Videoconferencing, well-done regular investor updates like through AngelSpan, committing to flying to meet-up in person regularly, are a few ways to do this. If entire companies can run with remote teams, leverage similar mechanics/tools to make long-distance startup investment seem natural and logical.
4. Reduce search costs. Successful curation is king.
Finally, while communication issues often make long-distance investment at least seem difficult, you should never ignore the fact that to any investor, simply vetting out-of-state companies is much harder than vetting local ones. Most institutional investors build in various filters and qualification mechanisms into their pipeline/deal flow, and they often break down when looking at companies that are mostly outside of their usual network.
So creating credible, successful curation mechanisms to reduce the ‘search costs’ of institutional investors exploring non-local markets is essential. The obvious answer here is, and has been, accelerators; at least to the extent that accelerators aren’t beholden to particular local funds (in some markets, they are). The most prominent accelerators are playing extremely important roles in connecting companies in one market to investors in other markets, because those investors trust that the accelerator has done a significant amount of pre-qualifying for them. In fact, this curation dynamic is part of the core value proposition of accelerators in the first place.

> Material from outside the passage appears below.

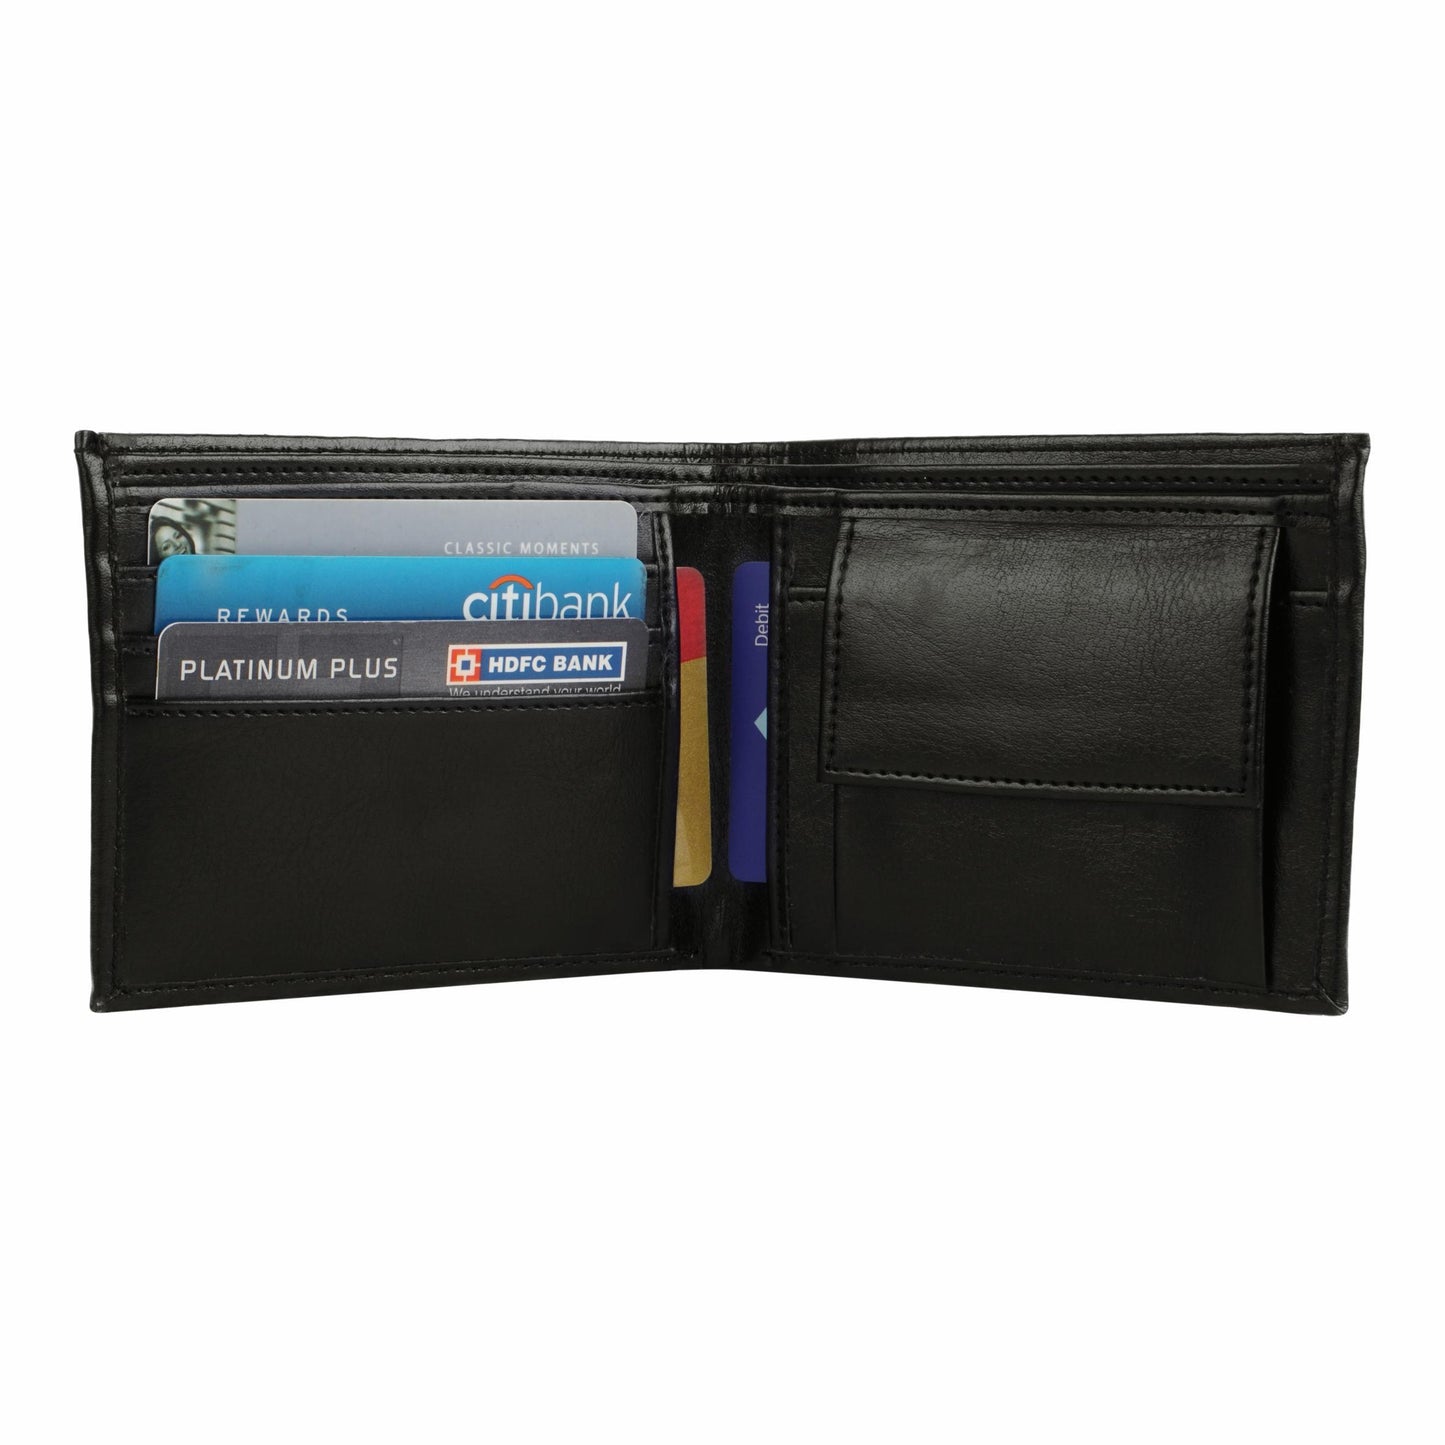 Pen and Wallet 2in1 Combo Gift Set - For Employee Joining Kit, Corporate, Client or Dealer Gifting, Promotional Freebie JK27
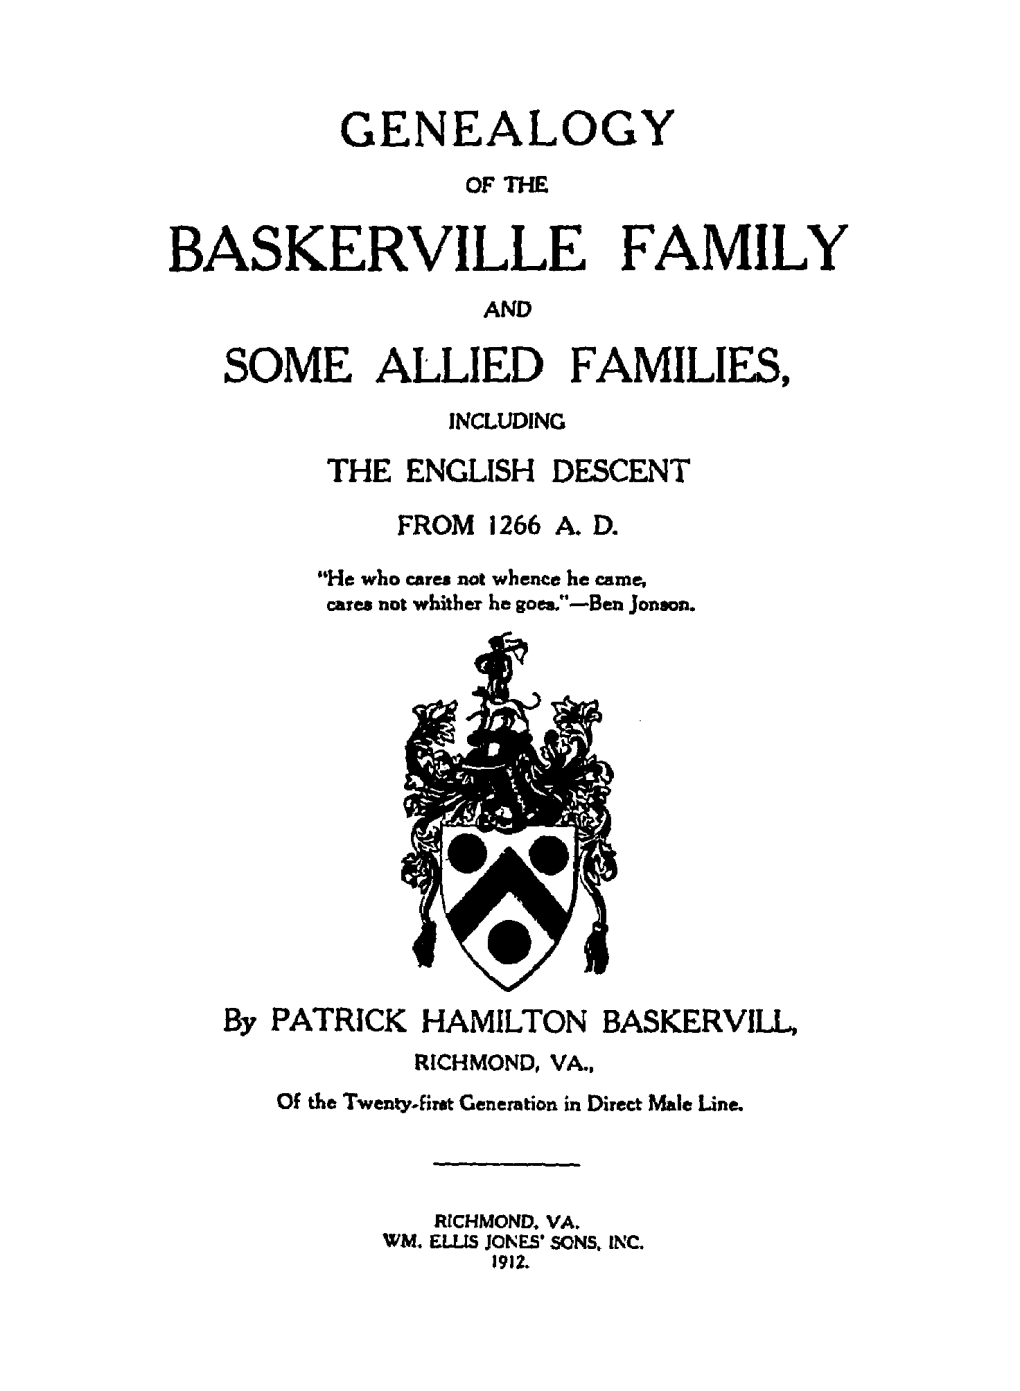 Baskerville Family and Some Allied Families, Including the English Descent from 1266 A

Another obvious answer is angel investors with prominent personal brands. As angel investors develop broader reputations for selecting winners, out-of-state institutional capital can leverage them to reduce the search costs of exploring other markets.
So, is raising a Series A outside of Silicon Valley and NYC really hard? Absolutely. Then why the reason for optimism? Because every single variable/dynamic mentioned above is improving, and at an accelerated pace. Founders are finding each other and communicating directly, sharing accurate information about the investor community and other market players; aided by modern networking and communication tools. Local angels and entrepreneurs are actively using those same tools to expand their networks far beyond their local ecosystem. Tools for long-distance communication and investor relations are maturing. And accelerators and prominent angels are increasingly becoming curation mechanisms leveraged by institutional investors to reduce search costs and explore new markets.
We are certainly seeing all of this happening at an increasing rate in our work in the market. As additional funds that are more comfortable operating in the new environment pop up, and as geographic barriers are reduced for capital flows, the more established players are increasingly more concerned with their brands and reputation. Instead of a “scarcity culture,” an open, transparent market culture favors investors that deliver real value and build durable, authentic brands.
Raising local and out-of-state institutional capital, and ensuring you’re working with good people, is still extremely hard if you’re not in a top-tier ecosystem. And speaking as ‘just’ a lawyer, I don’t want to minimize that fact in any way. But the truth is that it’s also never been easier, and the core trends suggest it will keep getting better.